Closed zhuofanzhang closed 3 years ago
Hi @zhuofanzhang, This example is mostly purpose to explain the benefits of array partition, which is highlighted using estimated latency using HLS. But measuring the same benefits using software host would not be meaningful as this kernel runs for very short time (single matrix multiplication of 16x16). Whereas while communicating to kernel form host, there are other overheads like configuring kernels, checking status etc. We are going to modify kernel such a way to prove the benefits of Partition using host code. But coming to your question of increasing Kernel utilization, you need to consider few things, It is better if real-world kernel should do as big computation as possible in single call, so that overhead of host -kernel communication is negligible/smaller.
Hi @heeran-xilinx, Thanks for your quick reply. I am still a little confused about the overheads. Besides the communication overheads between host and kernel, is there any other overhead while CU executing? Below is the application timeline of the hardware execution of kernel matmul. The kernel has a very simple structure, i.e., readA, readB, calculate matmul, writeC. So I think the CU execution should be finished at t1. However, it won't finished untill t2. And (t1-t0) just matches the overall kernel latency simulated by HLS. I am wondering what is the CU doing between t1 and t2?

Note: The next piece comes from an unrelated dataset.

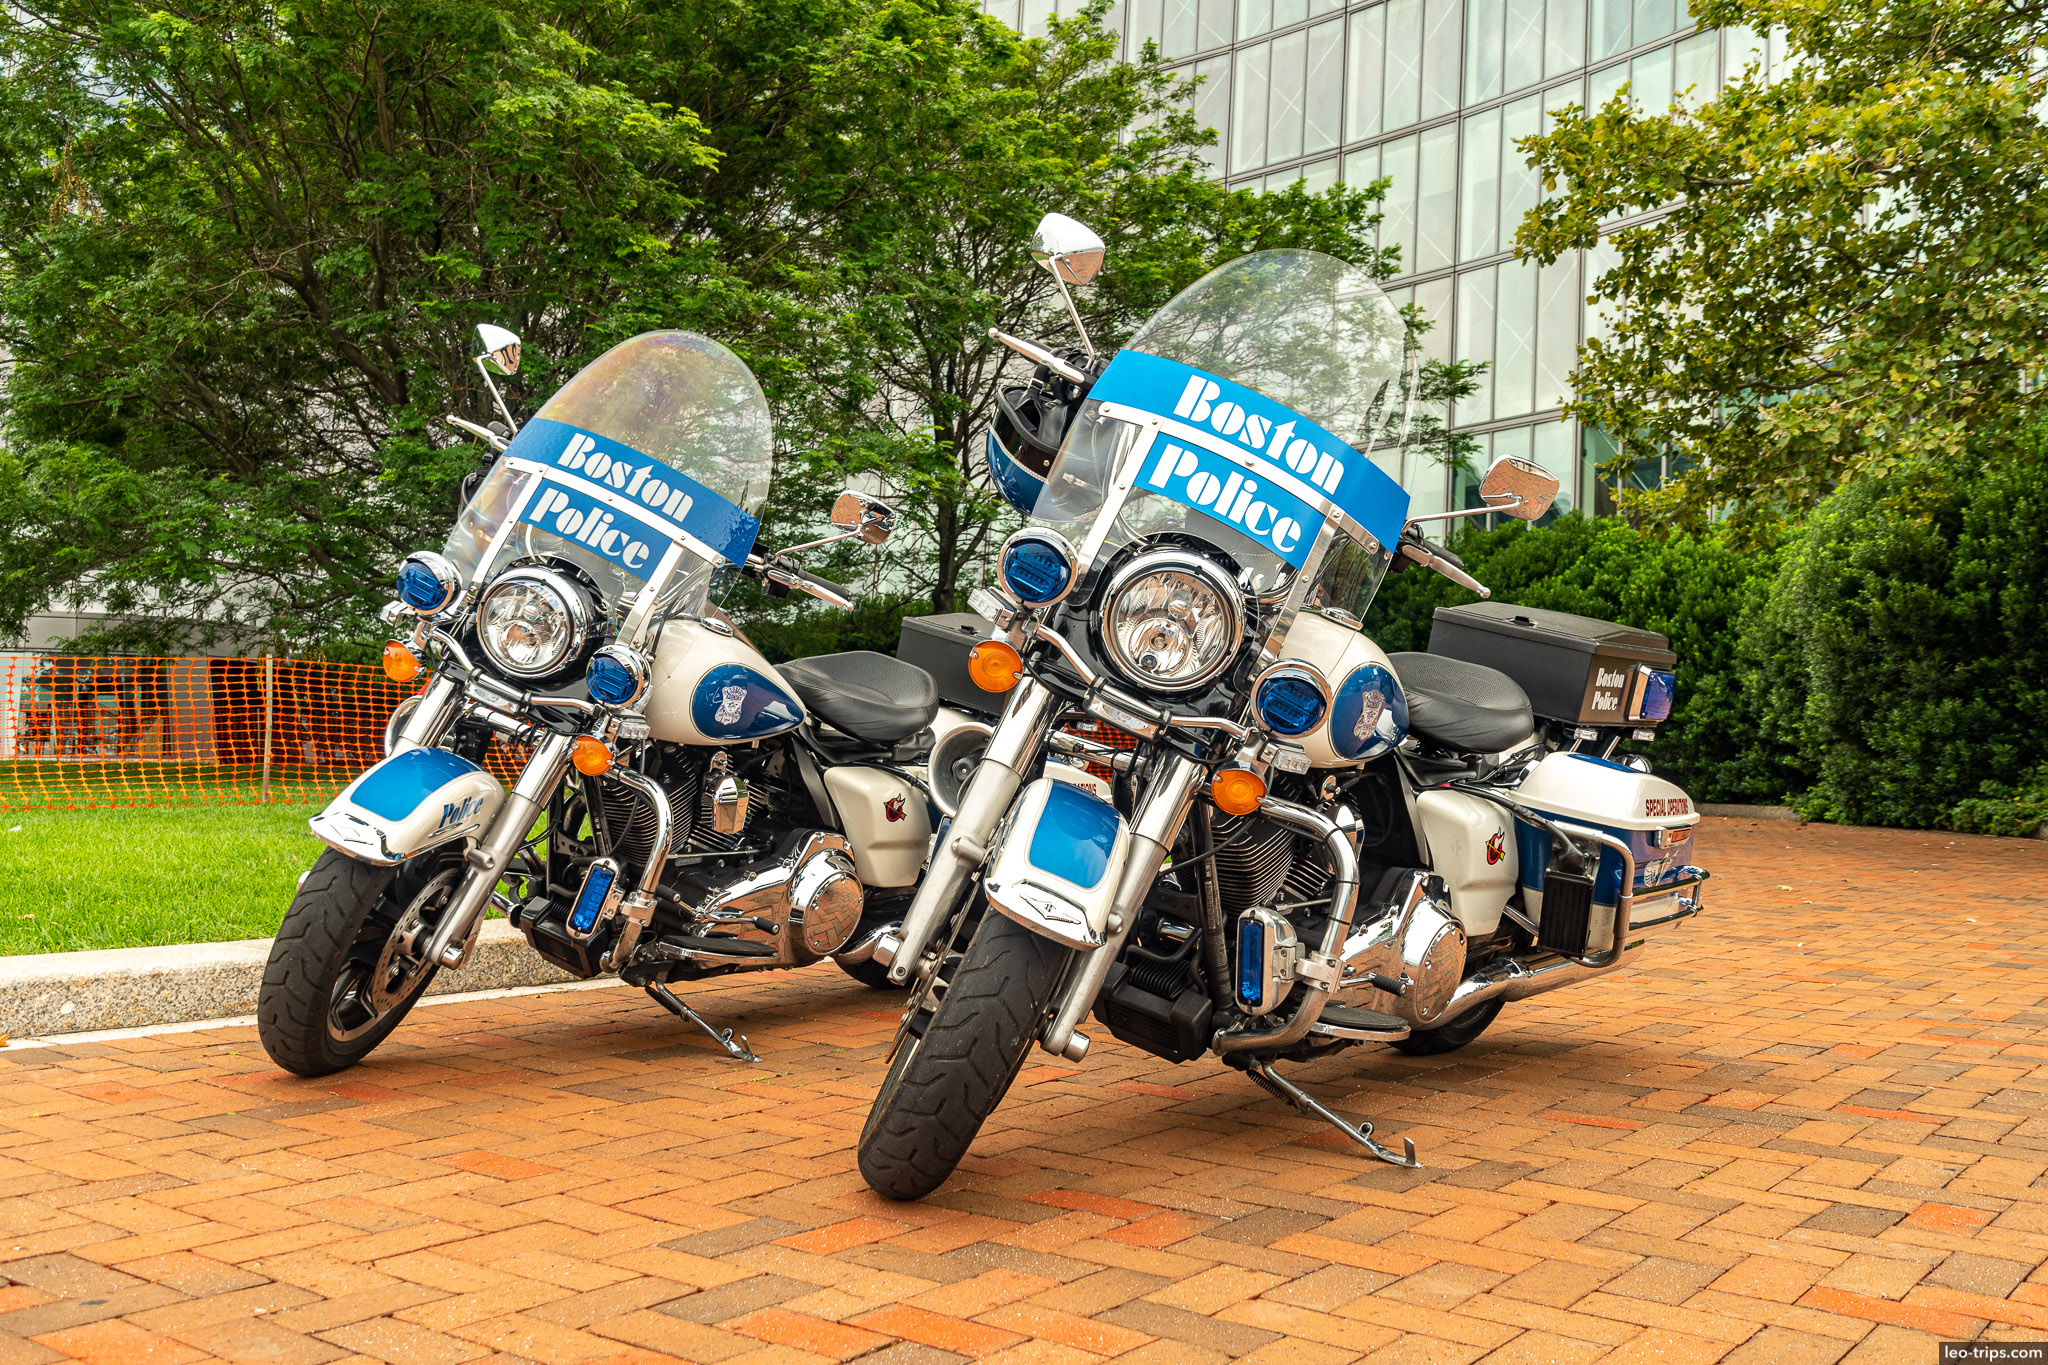 boston police bikes boston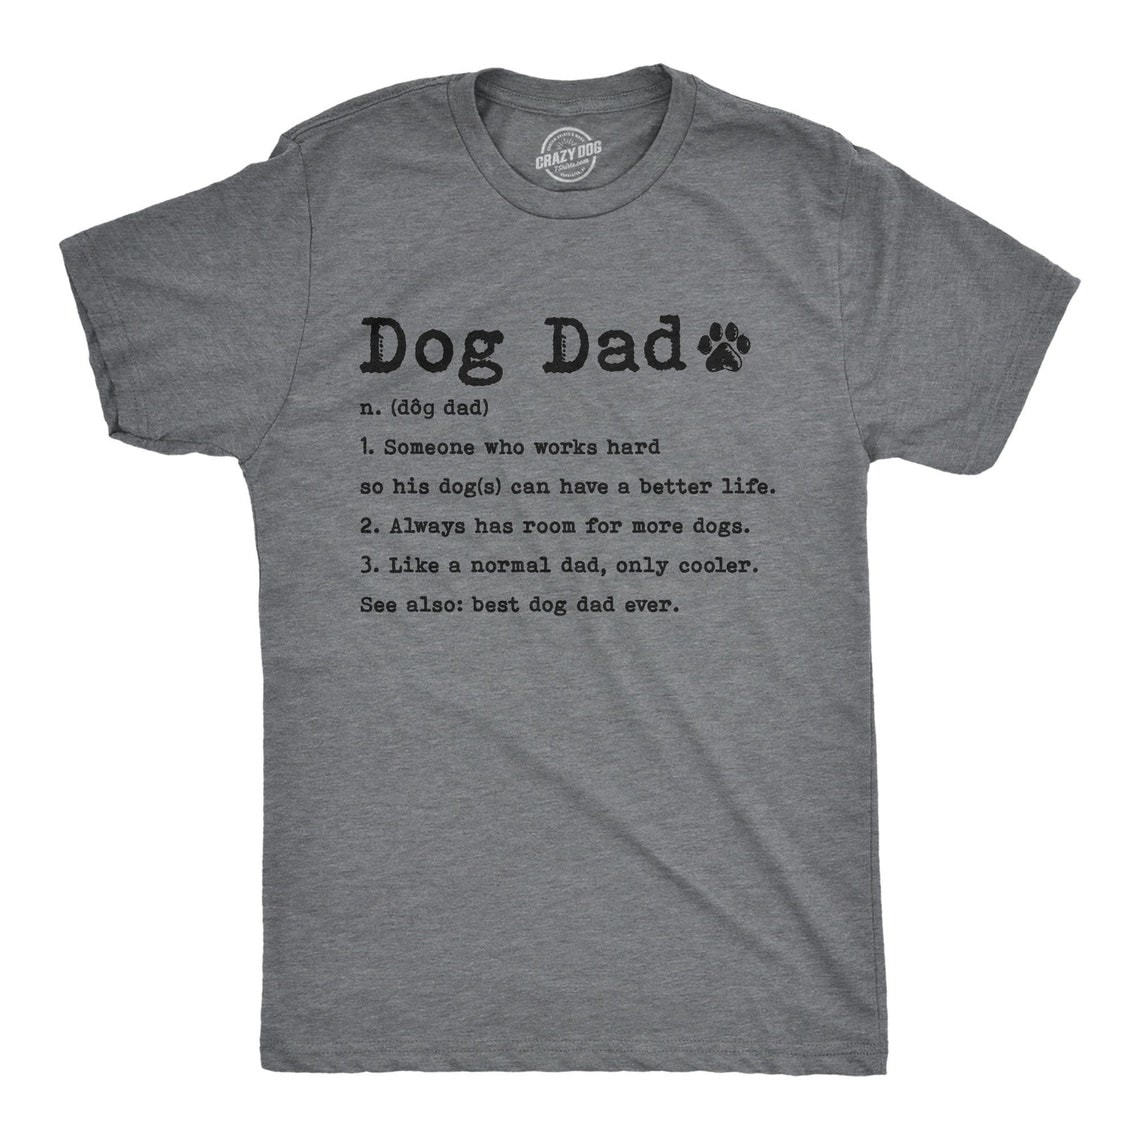 Dog Dad Shirt, Dog Dad Definition, Funny Dog Shirt

Hi @zhuofanzhang, This is very valid point and I am not exactly sure why there is a gap between final write (T1) and compute unit actual end (t2). This looks to me compute unit termination cycles but it should not be too big as per my opinion. If possible, could you please post this query to Xilinx Forum dedicated to Vitis tool flow here to get quick response for many vitis experts? https://forums.xilinx.com/t5/Vitis-Acceleration-SDAccel-SDSoC/bd-p/tools_v After posting, please paste the link here for reference.
-Herea
Hi @heeran-xilinx Thanks for you advise. I have post the query to Xilinx Forum. https://forums.xilinx.com/t5/Vitis-Acceleration-SDAccel-SDSoC/Question-about-the-CU-execution-time/td-p/1264145
closing this issue as discussion started in Xilinx forum on same topic.
Hi, I have a question about the CU utilization of the array partition (cpp_kernels) example. If the overall Avg latencies of normal kernel and partition kernel are 9.522 us and 3.540 us respectively, why the Wall-Clock Time of hw execution results are 396685 ns and 256367 ns respectively? In other words, how could I achieve a higher CU utilization?